I decided to start with a RNN, as it would give me total control over the structure of the model, but if it did not work out, I would use a transformer as my fallback plan.
RNN Approach
With the data and a plan, I set out to build a RNN based model for text generation. Basically, this would work by learning to predict the next letter in any given sequence. During the prediction phase, I would give it a word or phrase to start with, and it would keep predicting letters until it ultimately predicted an “end of sequence” token.
I wasn’t entirely sure what would happen, so I started by making a model for each writer, just to make sure the text generation would work. Here is a sample from each, using the prompt “Romeo”.
I was happy to see that each worked independently. The Shakespeare model mimicked his form, language, and content, while the Eminem model did the same, and even captured some rhyming structure.
The next step was to find a way to combine them, and this is where the issues began. I tried to train first on Shakespeare then Eminem, which did not work. So I swapped the order, and it did not work again. Next, I shuffled the two datasets together and tried it again, but still it did not work.
I made the model learn slower, and faster. I froze and unfroze layers, but still, no matter what I tried, I could not blend the two styles. Instead, every time it would go down one path or the other, sounding clearly Shakespearian or Eminemian. (Two examples from the same model can be seen below.)
After some reflection, I figured that this was a result of the way the predictions took place, so I decided to move onto the transformer and see if I would have better results.
Transformer Approach
For the transformer approach, I decided to use a model called “GPT-+62” by OpenAI. This model uses a pretty straight forward transformer architecture, but has a ton of parameters and was pre-trained on a huge dataset, so in practice it actually works really well.
The first step was to create baselines for each writer as I did with the RNN. This worked well, but revealed some differences. Specifically, GPT-2 seemed to capture “ideas” better, and contain more continuity from line to line. This was clearest with the Eminem model, as GPT generated lyrics that tended to make more sense and actually even contained some word play.
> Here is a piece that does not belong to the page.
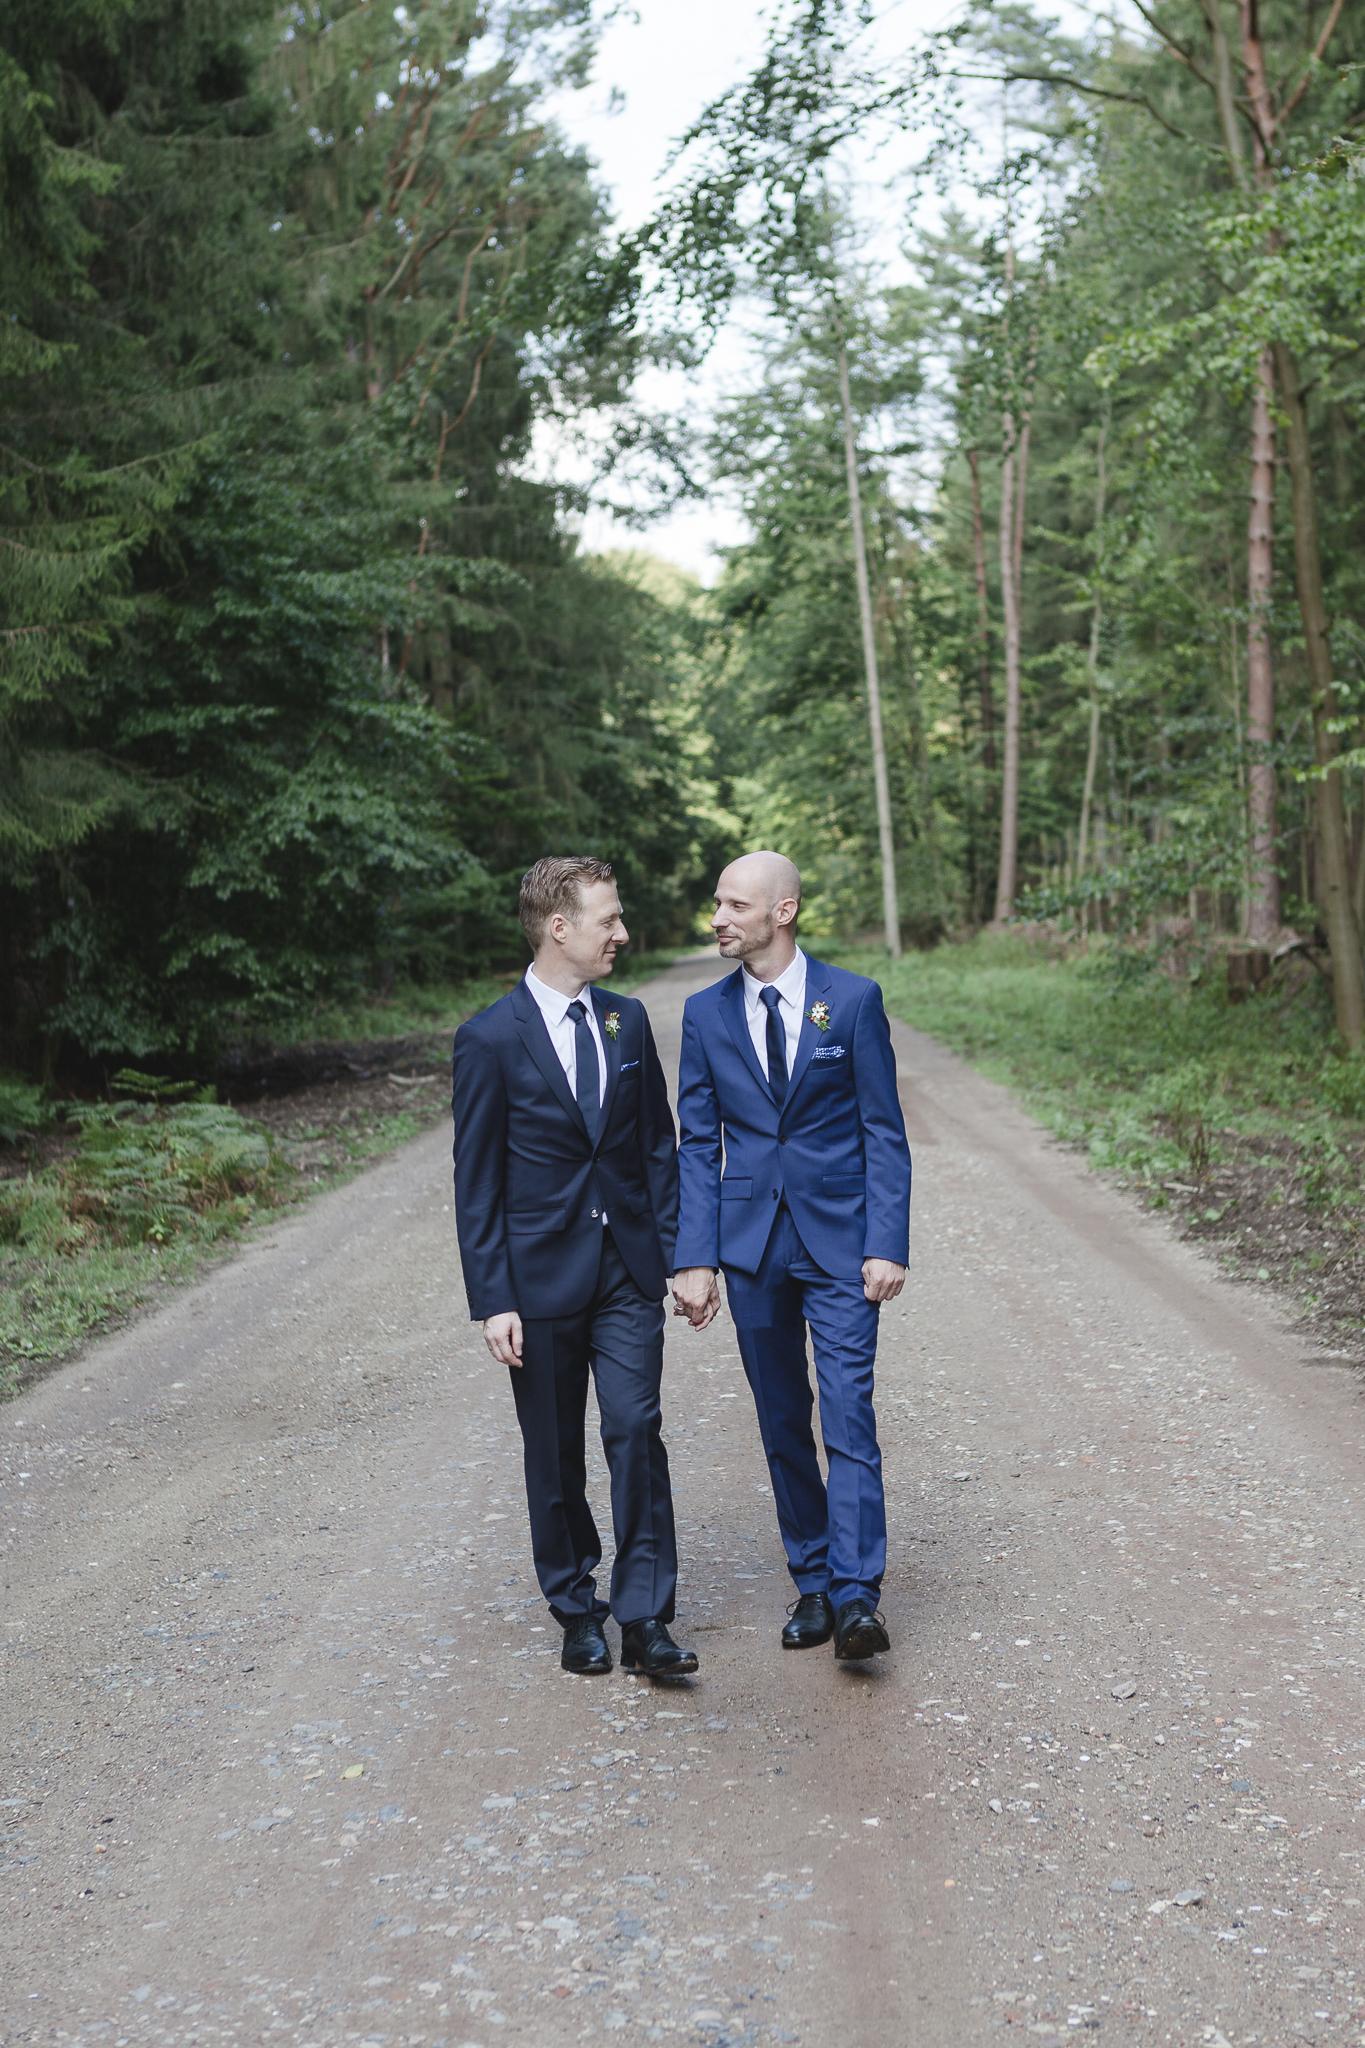 Spaziergang Hand in Hand nach der gleichgeschlechtliche Hochzeit

But when it came time to blend the two, I ran into the same problems all over again. The closest I came was through pre-training on Eminem, and then fine-tuning on Shakespeare at a 100x slower rate. But at best, I could only see glimmers that the model had retained some of both writers.
Conclusion
The question I set out to answer with this project was: Can I blend the styles of Eminem and Shakespeare? Unfortunately, the answer to this one is No, at least for now.
The truth is that this is probably possible given the current models that are available, but getting it to work would be very tedious. If I had the time and enough computing power, the answer would most likely come from using GPT-2 Extra Large, and experimenting with freezing and unfreezing different layers throughout the model.
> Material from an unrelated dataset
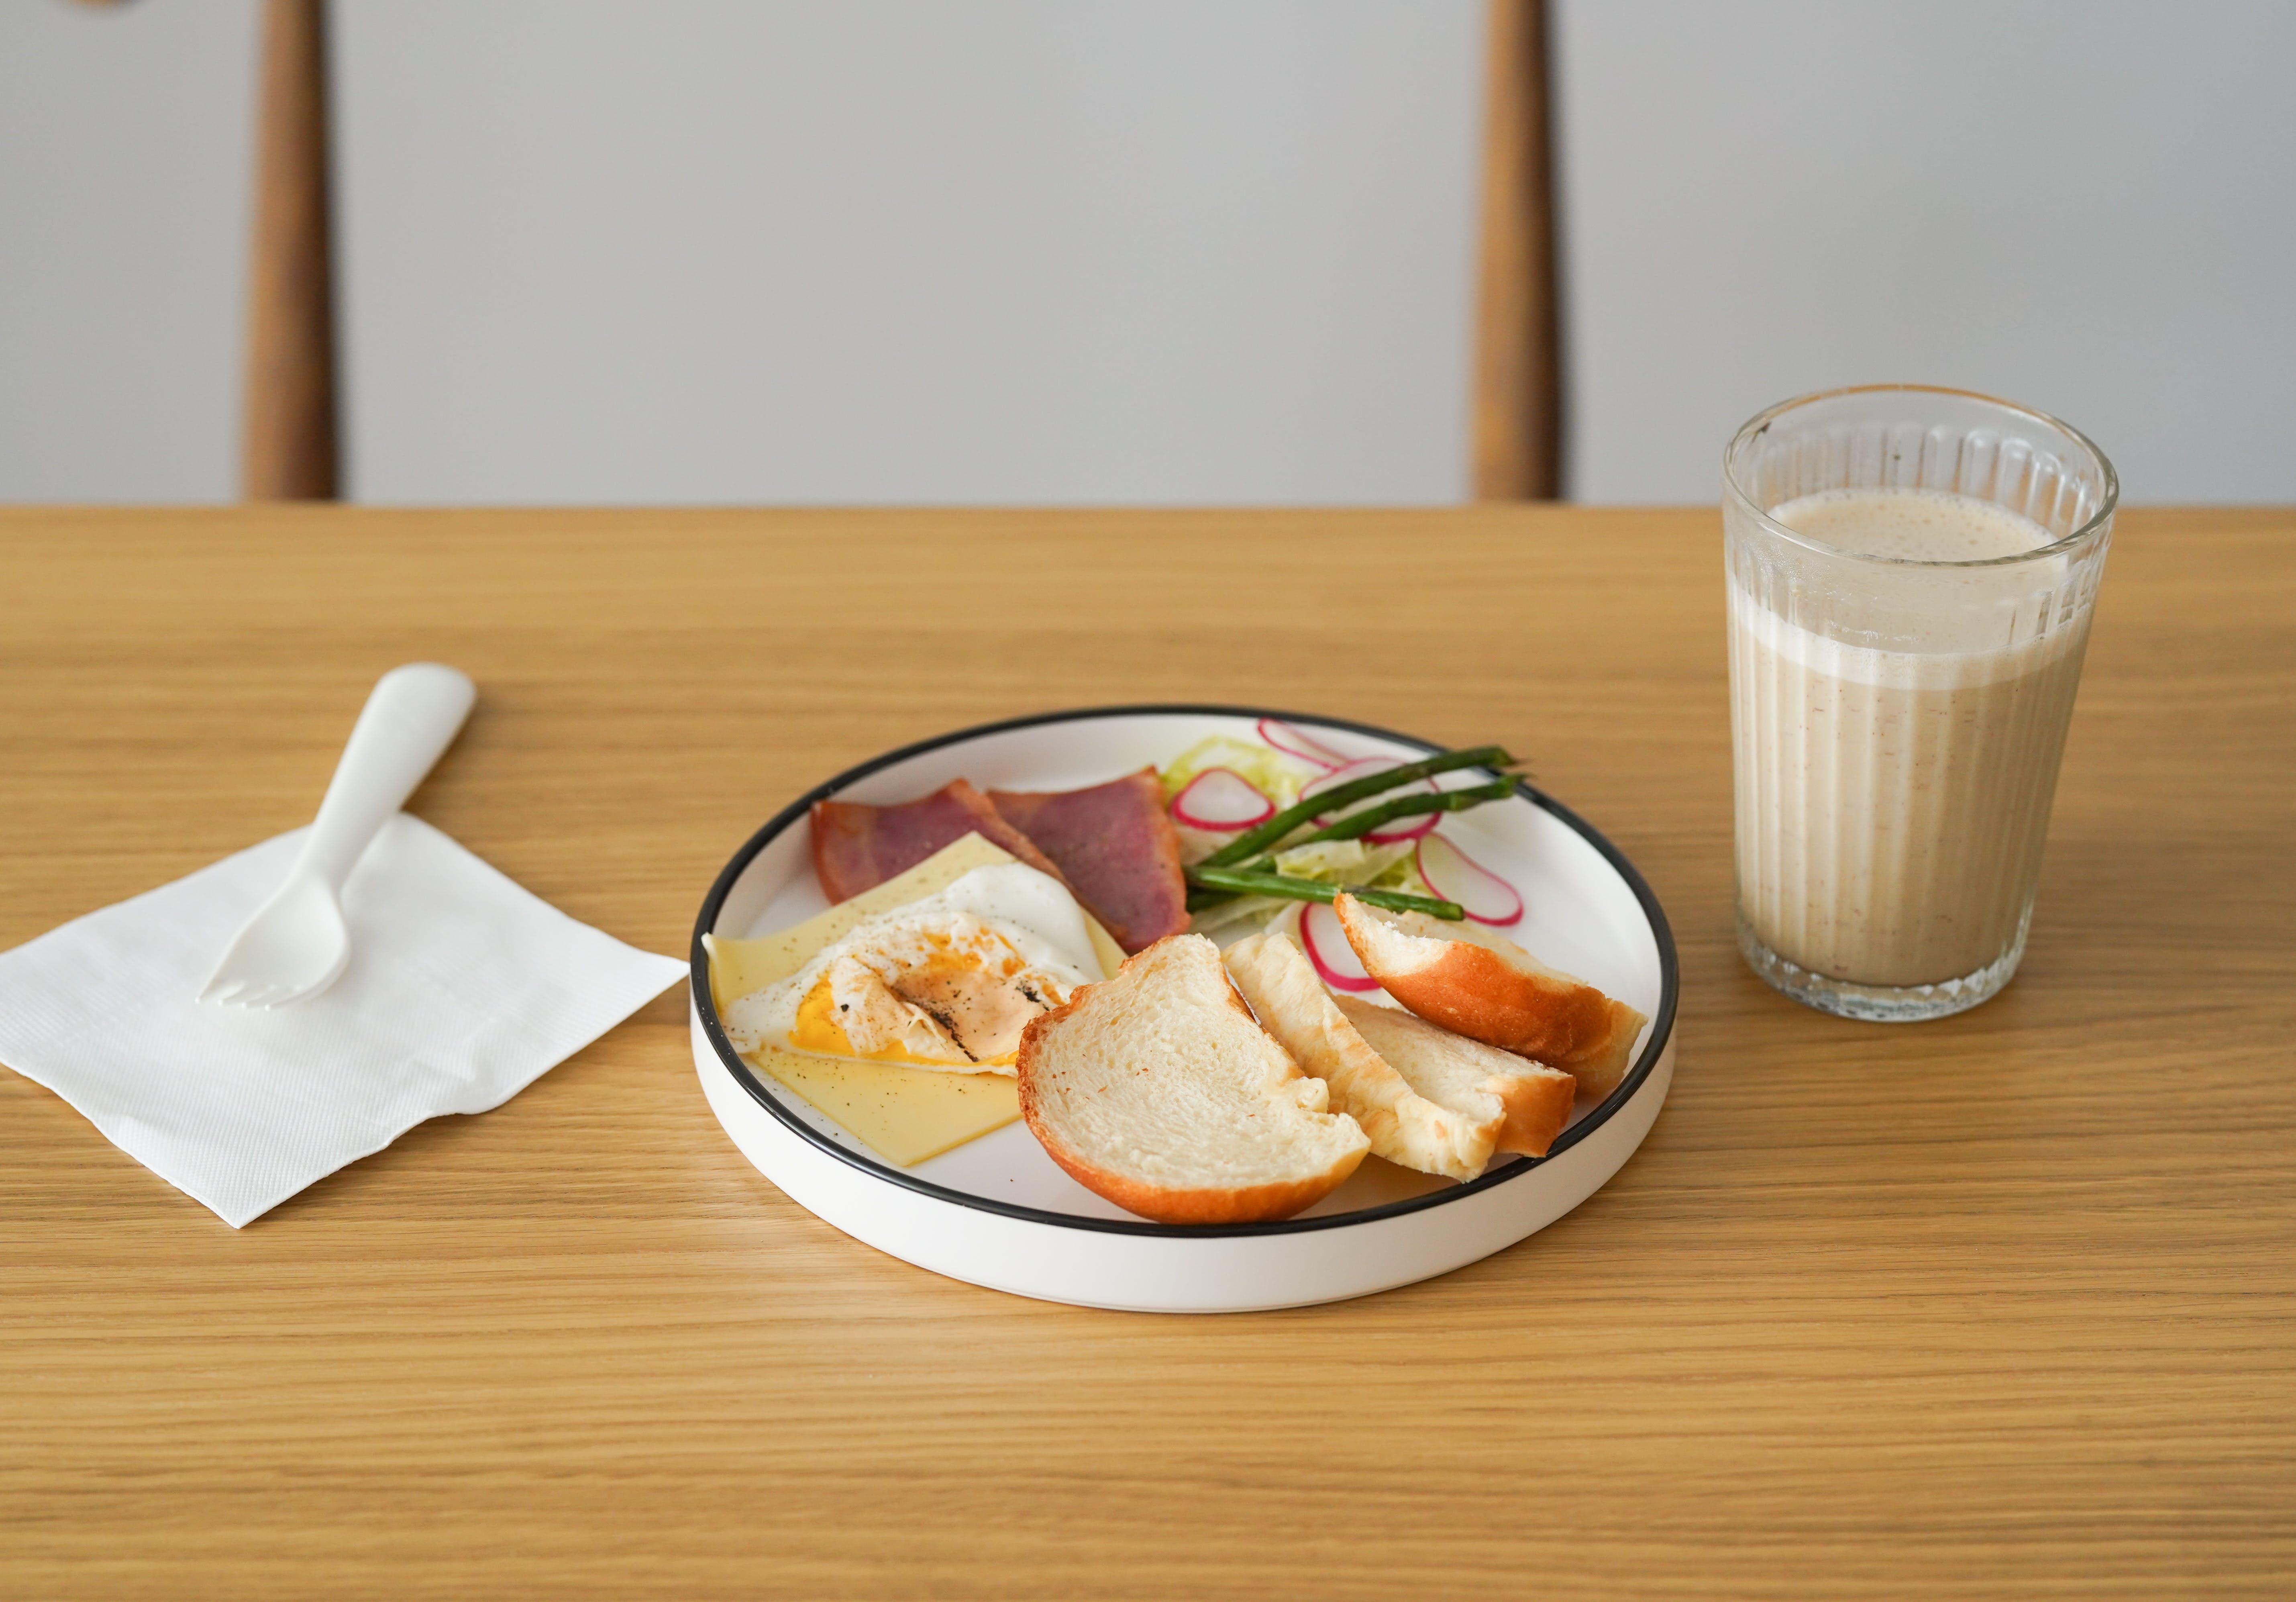 Gratis arkivbilde med brød, delikat, drikke, frokost

Presumably, through enough experimentation, I could find which layers worked best to control structure, and which were best for managing content so that I could use them accordingly to blend the styles.
Unfortunately, GPT-2 Extra Large is so big, I cannot even run it on the cloud without paying for it. So for now, I’ll take my loss and revisit this later as new models and solutions become available. Plus in the mean time, there’s always memes to satisfy my curiosity.